思いがけない事の成り行きに、棟一郎が唸ります。知らなかったことを知ったときにも……。
井上作品に出てくる、唸る男です。この男の整理は、いつかします。
小見出しのタイトルが、その内容と合わないように感じました。改めて、他の作品での小見出しのありようについて、考えてみたいと思います。
亡くなった老紳士との会話は、『星と祭』などに共通する手法です。これは、井上の特徴的な語り方です。
1週間で亡くなった娘も、主人公に語りかけます。いつも「お父さん、確り。」と。
生きていたら、今は30歳になっているはずの娘です。童女だったり、少女だったりして登場します。清らかさと美しさを持つ、父の心の中にだけいる存在です。

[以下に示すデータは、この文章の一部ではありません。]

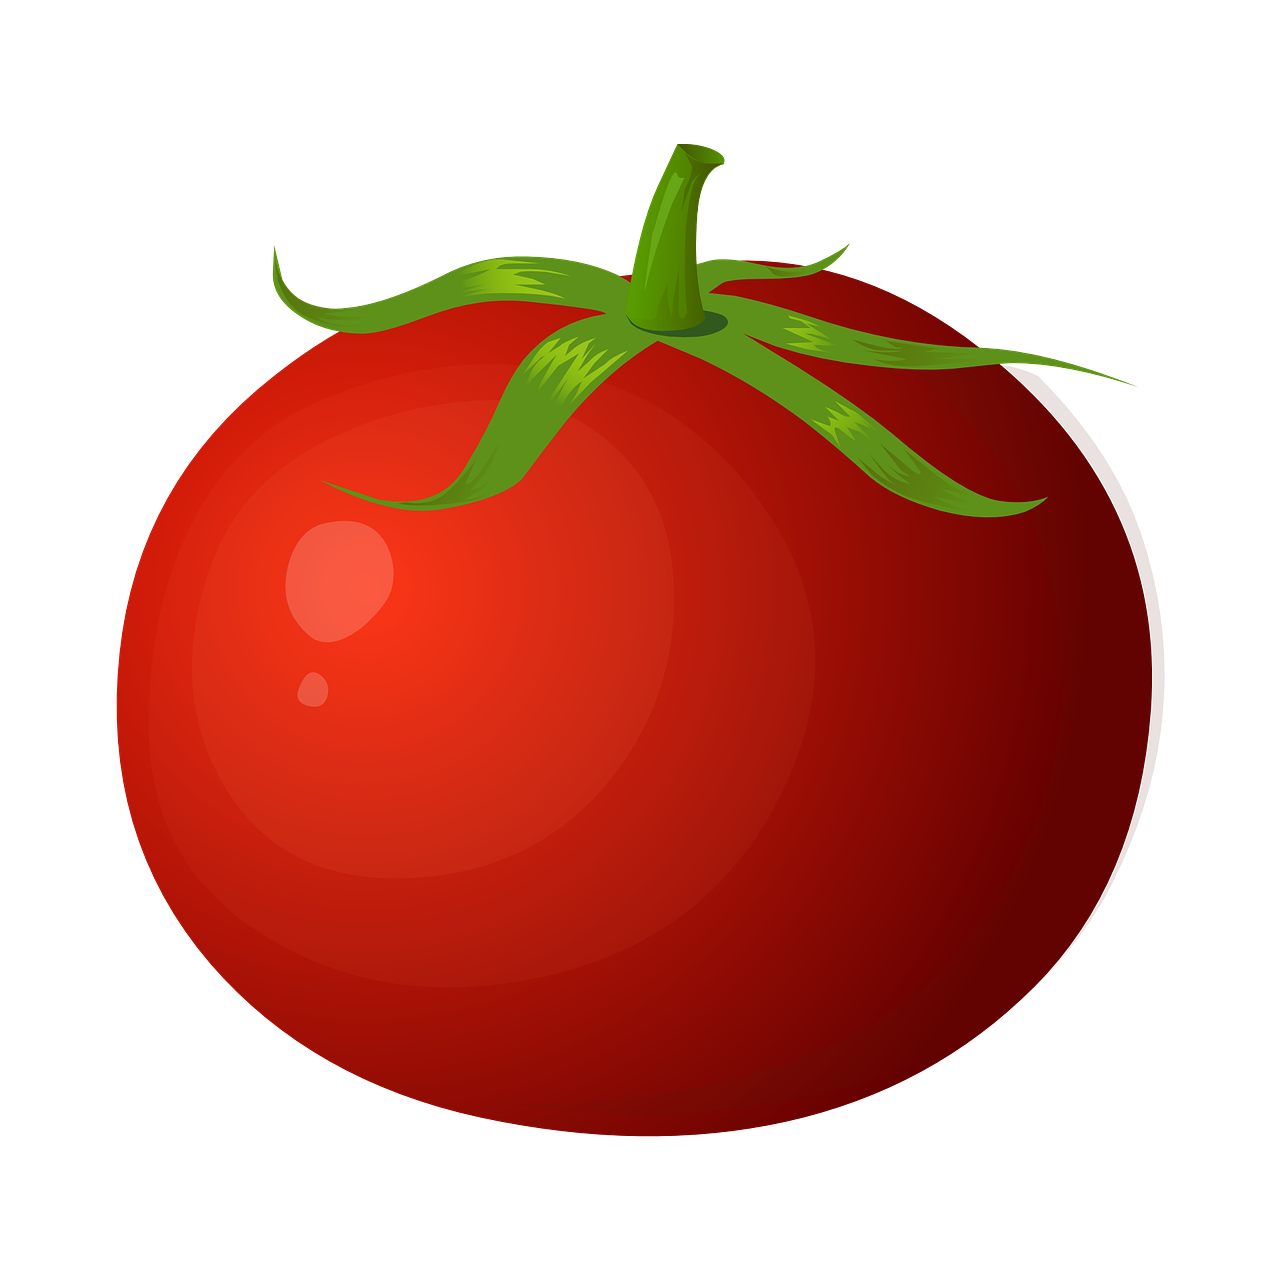 tomato red fruits free photo

父に語りかけ、父と娘との情の世界を形成する働きを持っています。この嬰児を登場させたことが、この作品の質を高めています。2人の会話が、いい雰囲気を作っています。
この子のための墓参は、心にしみる人間のやさしさが表出したものとなっています。中尊寺の秘仏・一字金輪像になぞらえるのも、その清らかさからのものなのでしょう。
母親がこの子にかける愛情については、少しだけですが言い訳程度に触れられています。これも、『星と祭』とよく似た扱いのように思えます。父親との関係に、比重がかかっています。
末娘との最初で最後の旅は京都です。
井上作品には、人間の心を浄化してくれる街として、京都があります。
学友だった十河と歩く京都も、心を鎮めてくれる街として出てきます。
イランの自動車事故で偶然生き残った棟一郎。自分は死んだという思いから、人生の現役を降ります。死んだと思って、人生の生き方を切り替えたのです。
そういえば、私もそうでした。18歳で十二指腸が突然破れた時、20歳の時、火事で焼け出されました。
何度か死に目にあいながら、今も生きています。18歳で生き方を変えられたのは、拾った人生ということからでした。医者も、無責任に生きなさい、というアドバイスをくださいました。
本作では、何事も運命であり、その運命を大切にしなければならぬ、ということが物語の背景に横たわっています。これも、井上靖の一つの系譜をなすものだと言えましょう。
作中で、南まゆみとのエピソードが語られています。これは、一編の作中物語となっています。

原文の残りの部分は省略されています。